US Feb Core CPI Slows Sequentially and Surprises to the Downside...
... though the Fed is in No Rush to Cut Again as it Awaits 'Greater Clarity'
The US Feb Core CPI surprised to the downside, slowing sequentially from 0.45% to 0.23% m/m sa (Bloomberg Consensus: 0.3%).
As such, the y/y rate slowed further from 3.3% to 3.1% (Cons: 3.2%), its lowest since Apr 2021, while the 3m change also eased but remained elevated (3.6% saar).
The sequential slowdown was driven by both Core Goods (0.22% m/m sa vs 0.28% in Jan) and - importantly - Core Services (0.25% m/m vs 0.51% in Jan).
This meant Core Goods CPI stabilised at -0.1% y/y, while Core Services inflation continued to moderate, dropping -0.2pp to 4.1% y/y, its lowest since Dec 2021.

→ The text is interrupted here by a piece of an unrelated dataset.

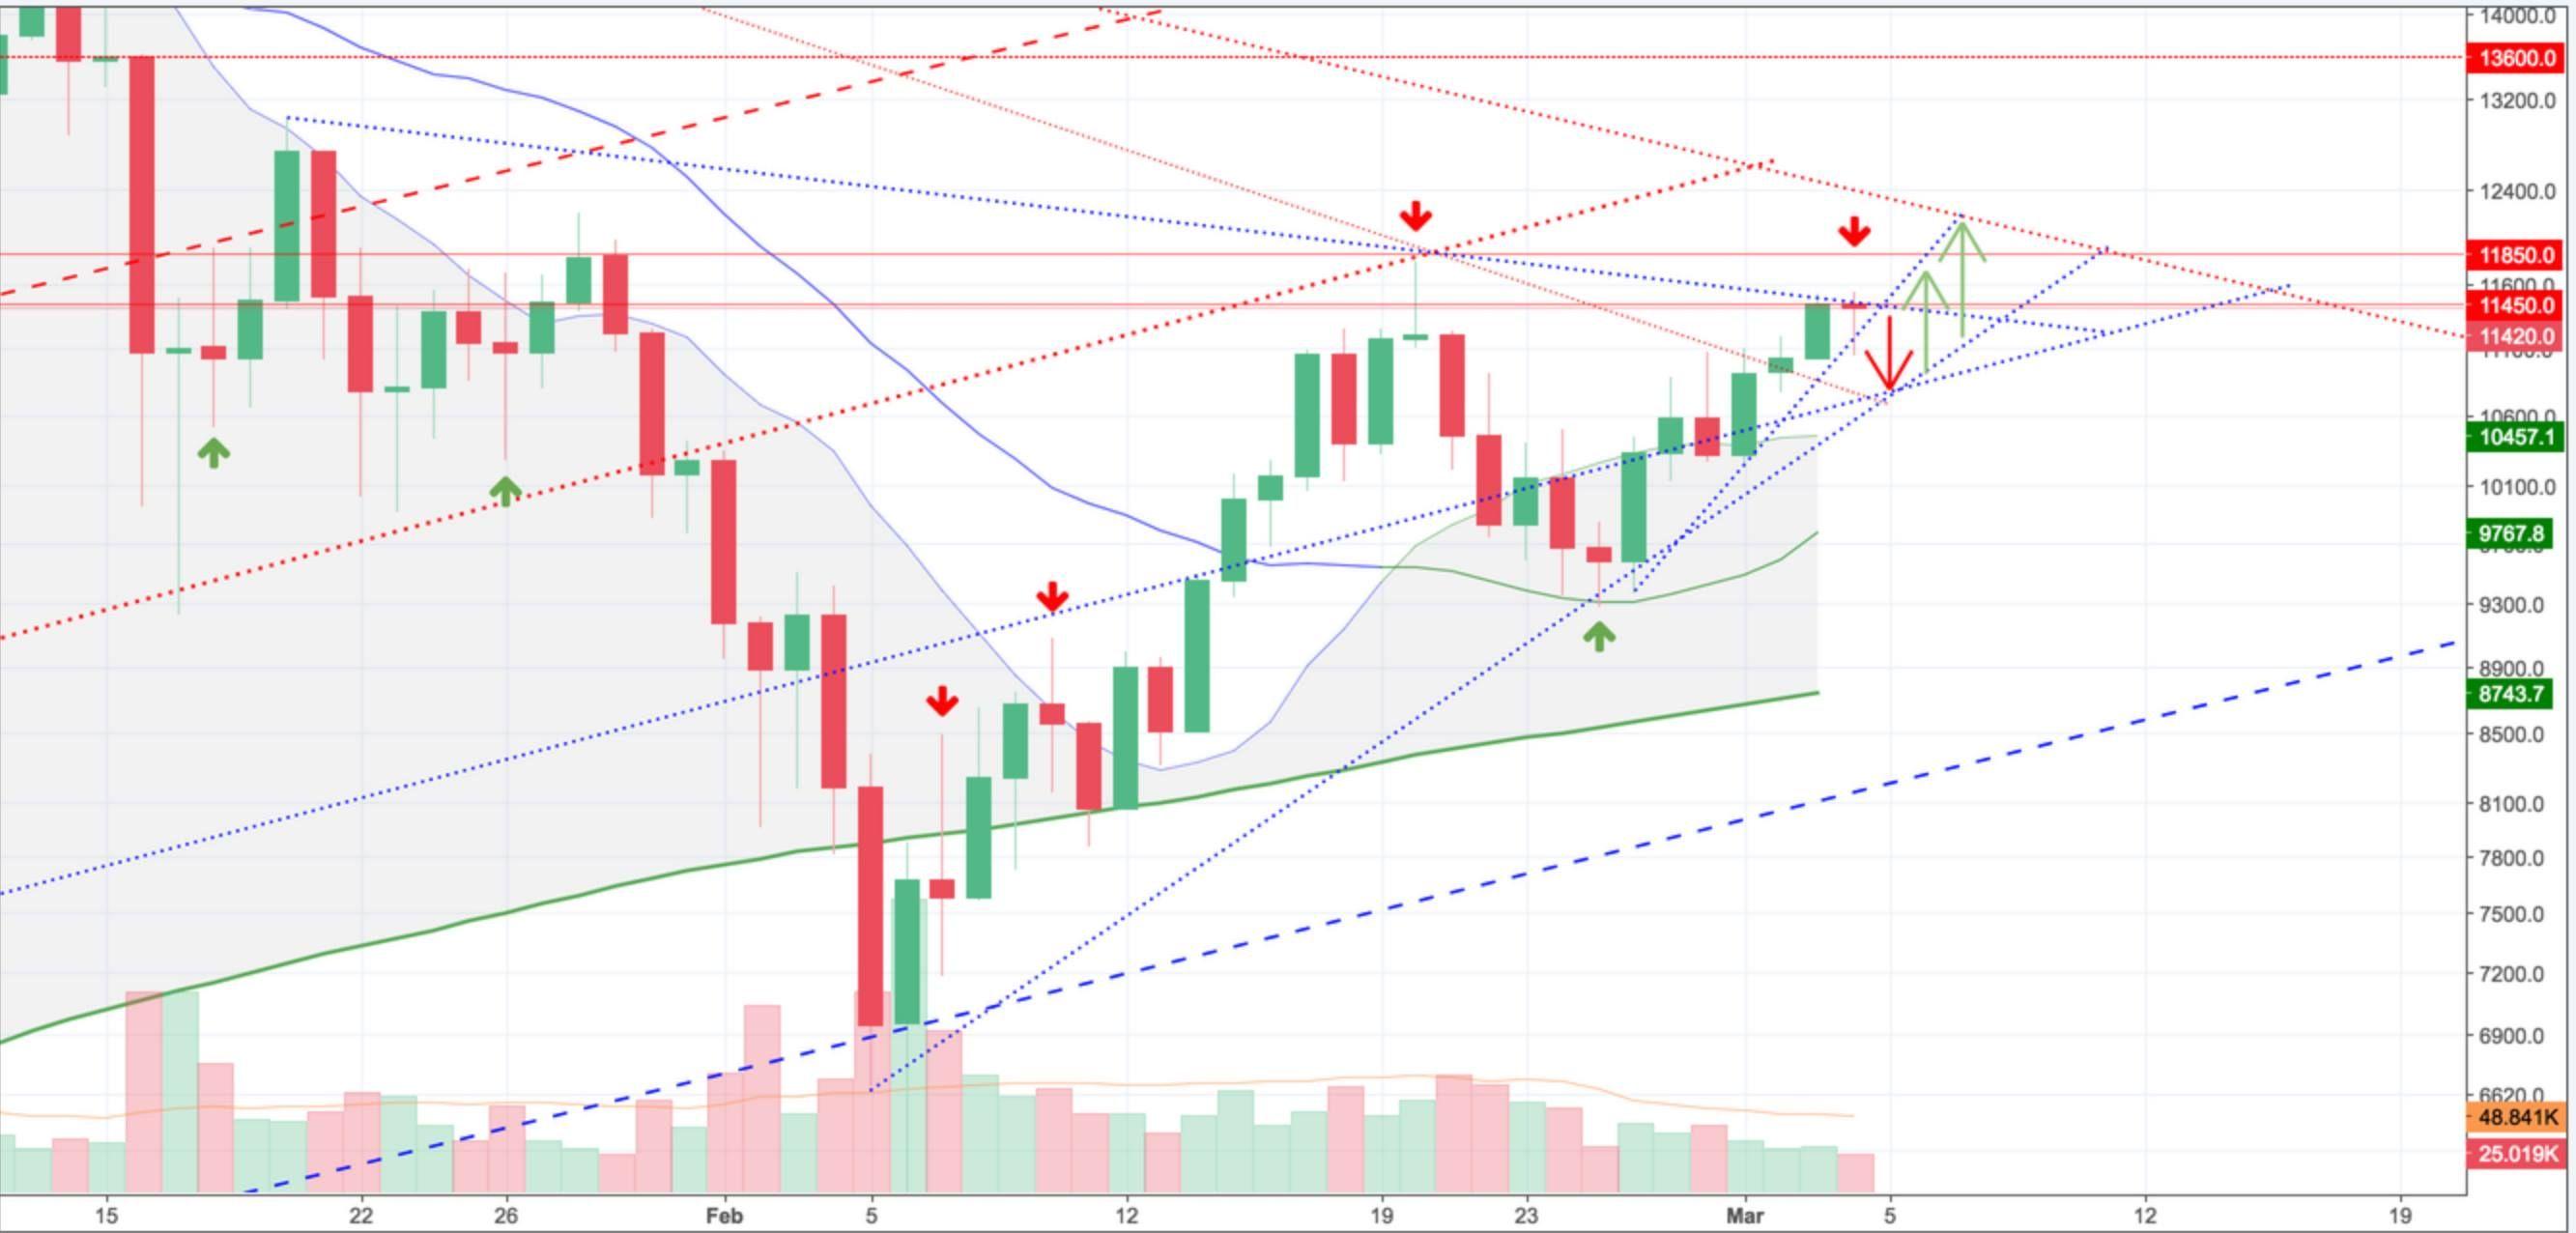 Bitcoin Btc Usd Live Price And Market Cap

Interestingly, our translation of the US CPI release into the US Core Goods PCE deflator was less favourable: pointing to another 0.4% m/m increase in Feb.
As the Core Goods PCE deflator is mainly determined by US CPI series, we have to wait for tomorrow’s US PPI for a more complete assessment on the US Core PCE deflator, given the higher importance of the PPI to the PCE Core Services deflator.

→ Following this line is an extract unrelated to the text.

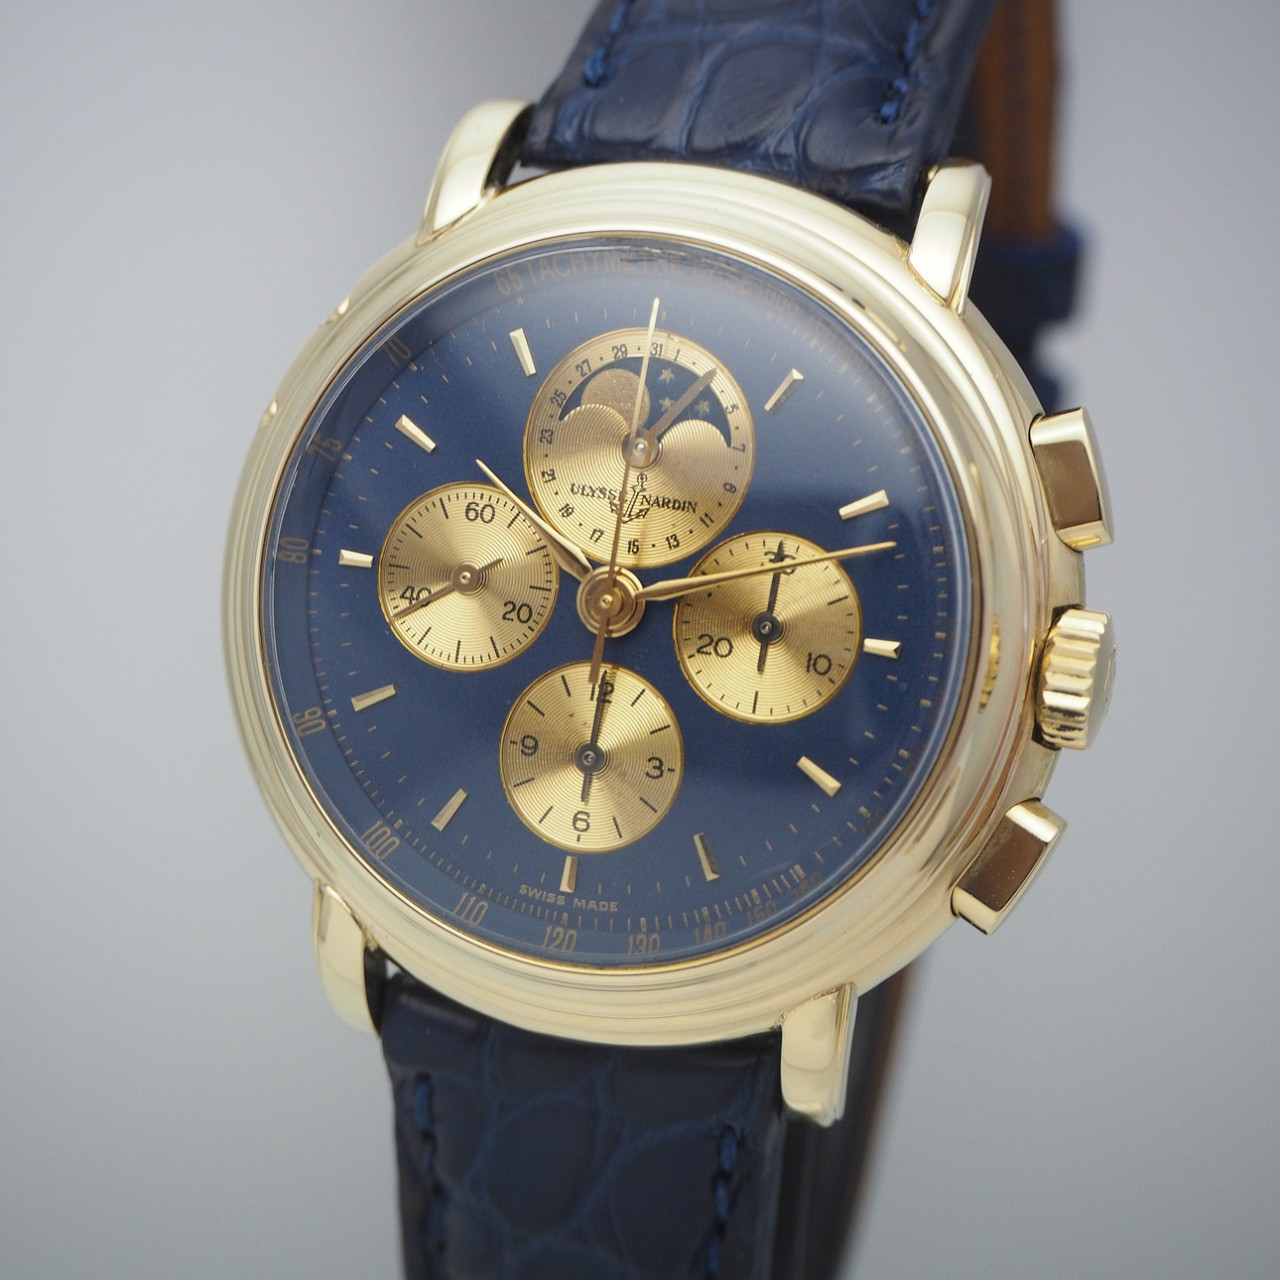 Ulysse Nardin Chronograph Calendar Moon, Limited Edition, Gold 18k/750

What we do know is that the Core Services PCE will need to increase by less than 0.20% m/m in order for the Core PCE to slow sequentially from Jan’s 0.3% m/m pace to a rounded 0.2% m/m in Feb.
Overall, whilst the US Feb CPI was a more favourable outcome, the Fed seems likely to remain on hold for the next couple of meetings at least, as it maintains a watchful eye on inflation risks from Trump’s tariffs as well as rising risks to growth.
For now, last Friday’s payrolls suggests that the labour market remains fairly resilient…
… and as Fed Chair Powell recognised late last week:
- “While there have been recent developments in some of these areas [trade, taxes, govt spending, immigration, regulation], especially trade policy, uncertainty around the changes and their likely effects remains high.”
- “As we parse the incoming information, we are focused on separating the signal from the noise as the outlook evolves.”
- “Despite elevated levels of uncertainty, the US economy continues to be in a good place.”
- “We do not need to be in a hurry, and are well positioned to wait for greater clarity.”